The vasculitides are a heterogeneous group of disorders characterized by the cytokine-induced reactive damage and loss of vessel integrity with resultant ischemic necrosis of downstream tissues. GCA is one of its common entities which due to shared allele and sequence polymorphism of HLA-DR genes, is highly associated with PMR. Cell-mediated immune response plays a vital role in the disease pathogenesis as is indicated by the intramural trafficking of inflammatory cells, in particular CD 4+ T-cells, macrophages, and multinucleated giant cells, with enormous amount of cytokine production such as interleukin (IL)-6 and tumor necrotic factor-alpha (TNF-alpha) [9-11]. IL-6 is closely associated with the appearance and severity of disease symptoms and its significant contribution is proved by the rapid drop of plasma IL-6 levels, with the resultant symptomatic recovery with the administration of glucocorticoid therapy followed by an immediate rise of its levels once the glucocorticoids are abruptly stopped [12]. Undoubtedly, amongst cranial ischemic complications (CICs), the most threatening are stroke and permanent loss of vision, the incidence of the latter ranging from 15% to 20% [13]. SNHL is very rare, but the equally dreadful presentation of GCA requires serious attention to be given to this complication.

Cooke was the first to reported the unusual presentation of SNHL with GCA in a small series of patients discussed in the British Medical Journal [14], and currently only a few similar associations have been reported in the literature. SNHL may appear as an initial and sole manifestation of GCA disease, however, early recognition and treatment may be crucial in preventing the CICs [8,15]. The possible mechanisms of deafness in GCA patients are explained by inflammatory arthritis changes of the posterior circulation and/or terminal cochleavestibular vasculature [16]; temporal artery biopsy may appear inconclusive in such cases.

Francis and Boddie reported a case of GCA with a negative temporal artery biopsy. The patient presented with a four-week history of headache and a worsening deafness for the preceding 48-hours. The temporal artery examination and hemoglobin level appeared normal, but the ESR was significantly high. Within 24-hours of commencement of glucocorticoids, the headache disappeared and hearing returned to normal, which was then confirmed by repeat audiometry [17]. This case adds one more example that supports the need for early administration of therapy. On the contrary to aforementioned case, one large study on 240 patients emphasized that anemia and abnormal temporal artery on examination were the two best predictive factors reflecting imminent severe ischemic complications; detailed arterial examination, in another case report of GCA and associated SNHL, was found to be thickened and tender with notably reduced pulsation [7,18].

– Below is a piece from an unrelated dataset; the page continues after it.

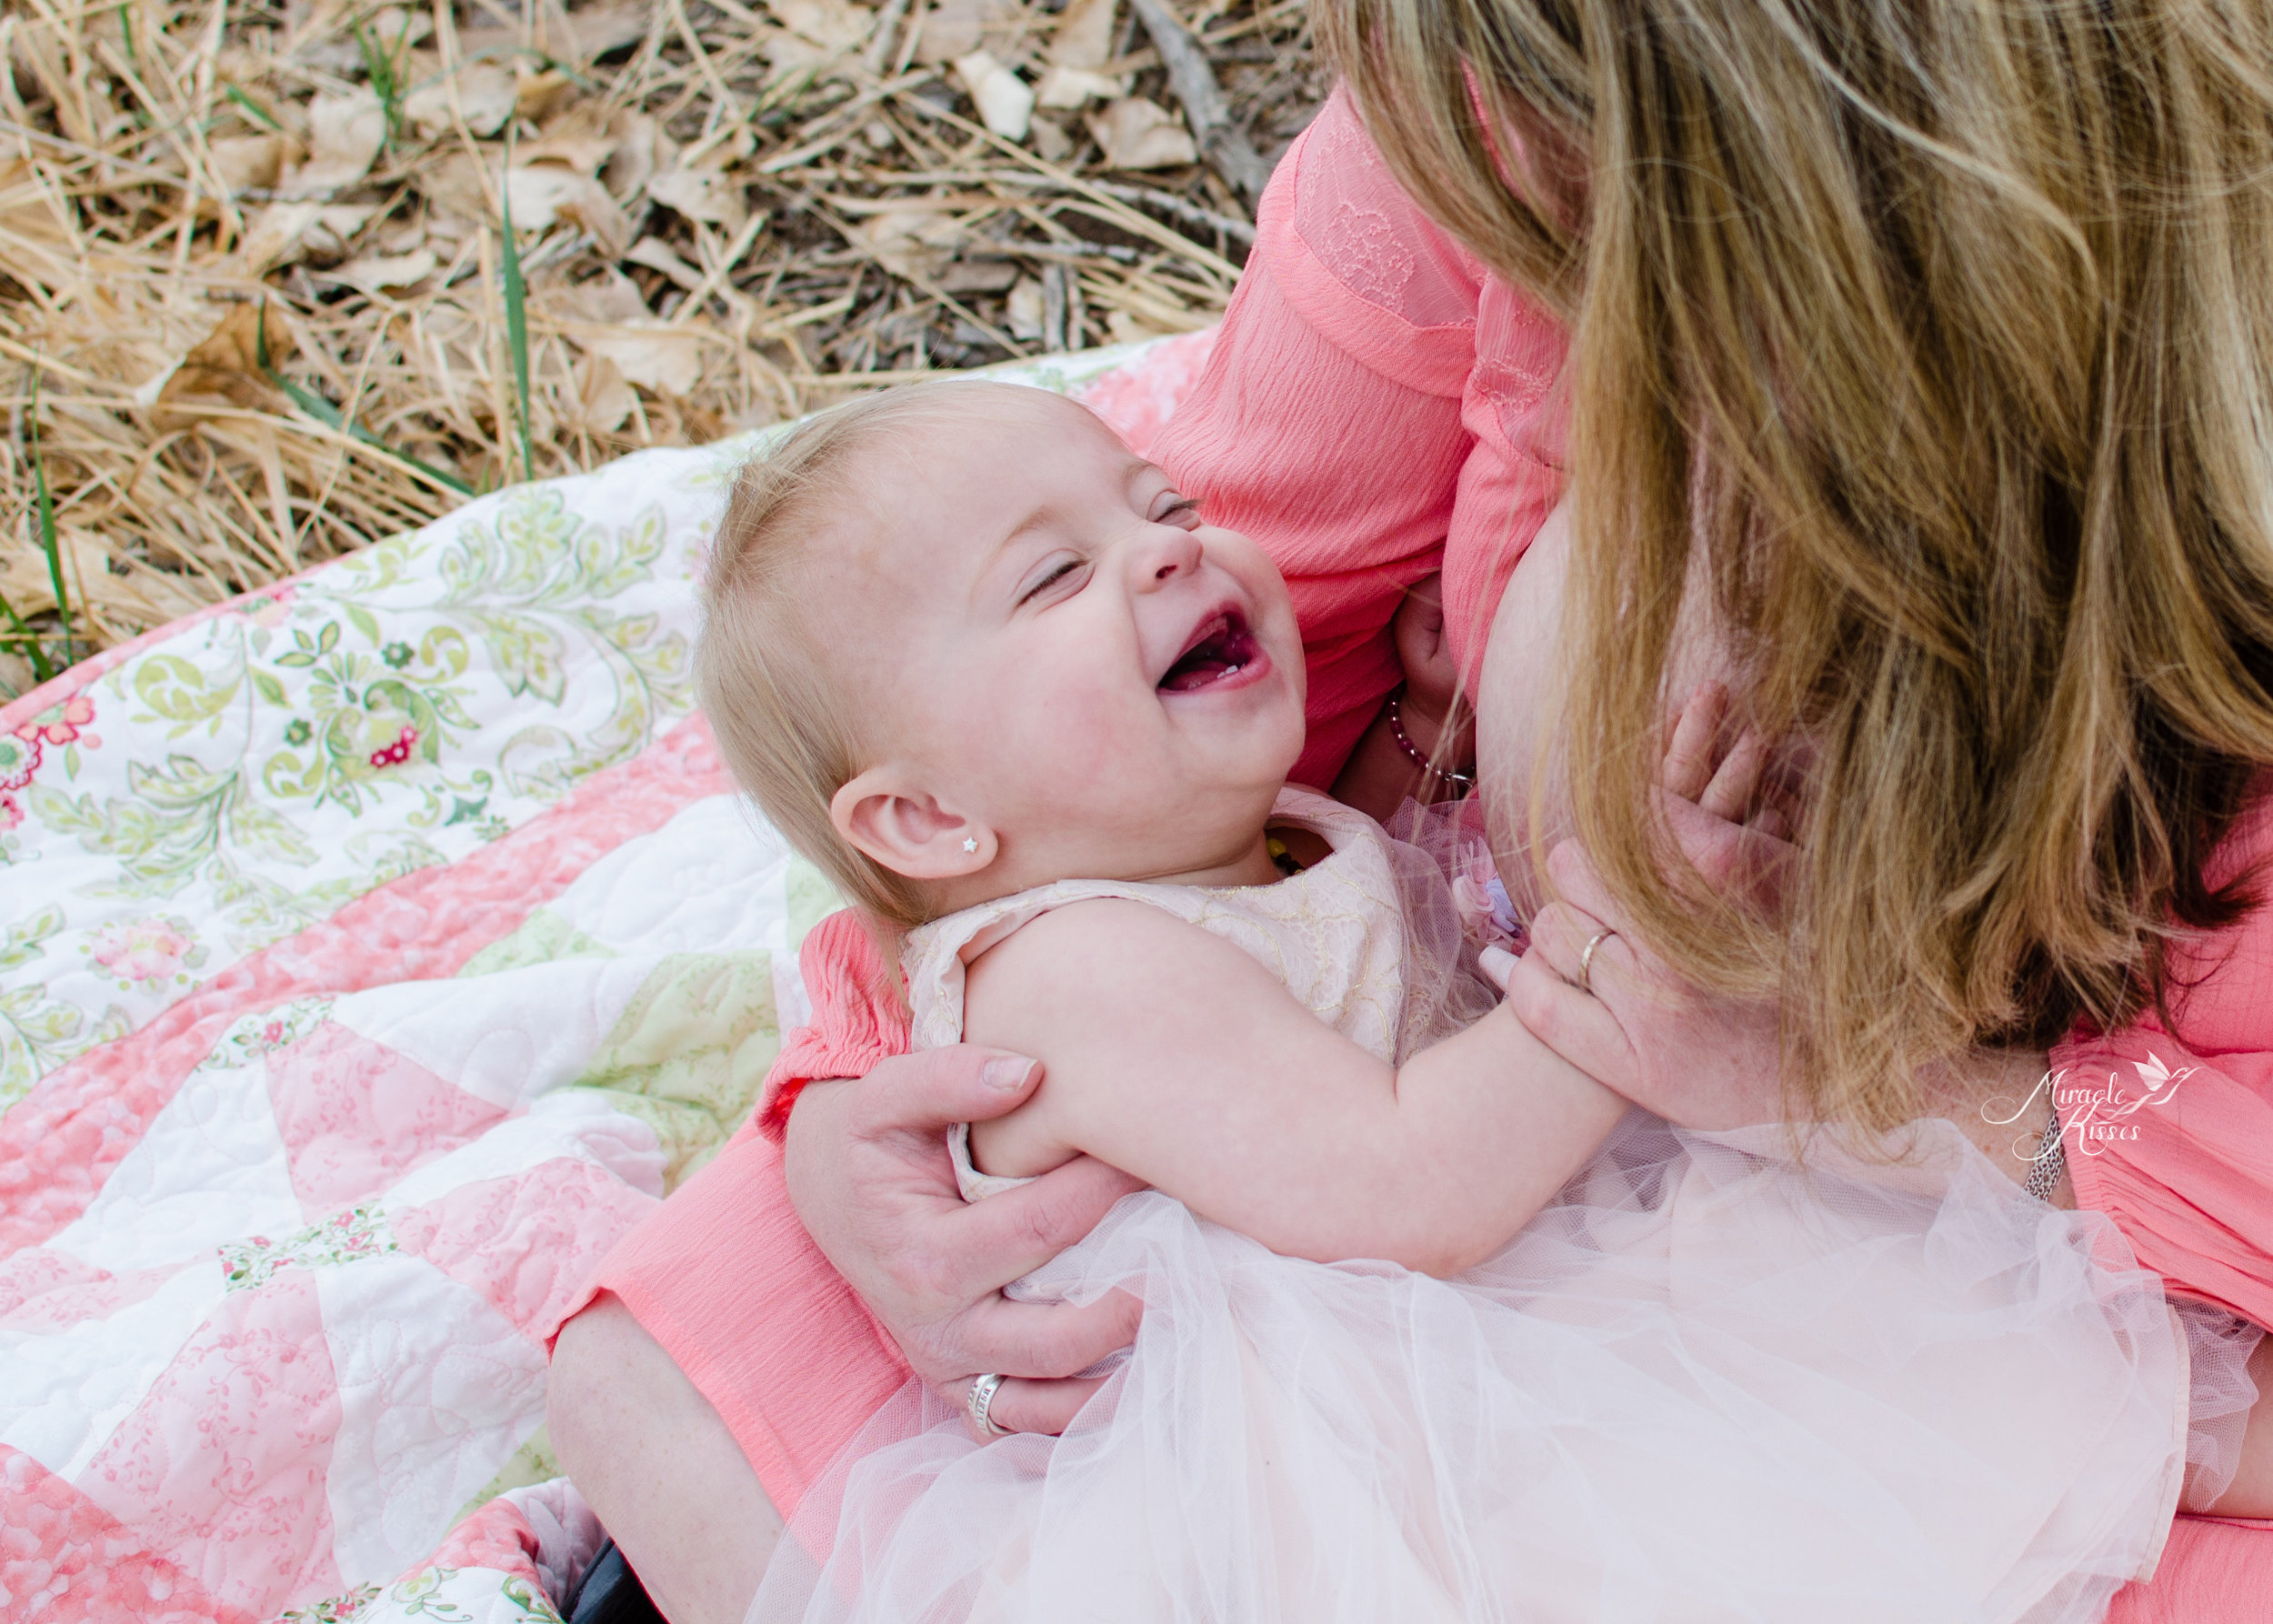 giggle nursing, happy child, breastmilk is magic

The occurrence of audiovestibular dysfunction is more frequent in GCA cases than in PMR [19]. Elderly patients and patients with isolated PMR who present with new onset of audiovestibular symptoms, particularly SNHL, have a high-indexed of suspicion of underlying GCA and should be considered for treatment with glucocorticoids which should be started promptly [20,21]; treatment need not to be withheld while awaiting the performance or the results of the biopsy. If the temporal or other artery biopsies prove insignificant for any evidence of inflammatory vasculitis but the clinical suspicion of GCA still remains high, the glucocorticoid treatment should be continued [22].

Conclusions

This case illustrated the importance of paying serious attention to SNHL in elderly patients since it may be a presenting feature of GCA. Clinicians must be updated of this possibility because in addition to permanent hearing loss, early recognition may also help prevent other dire complications such blindness, stroke, and aortic dissection.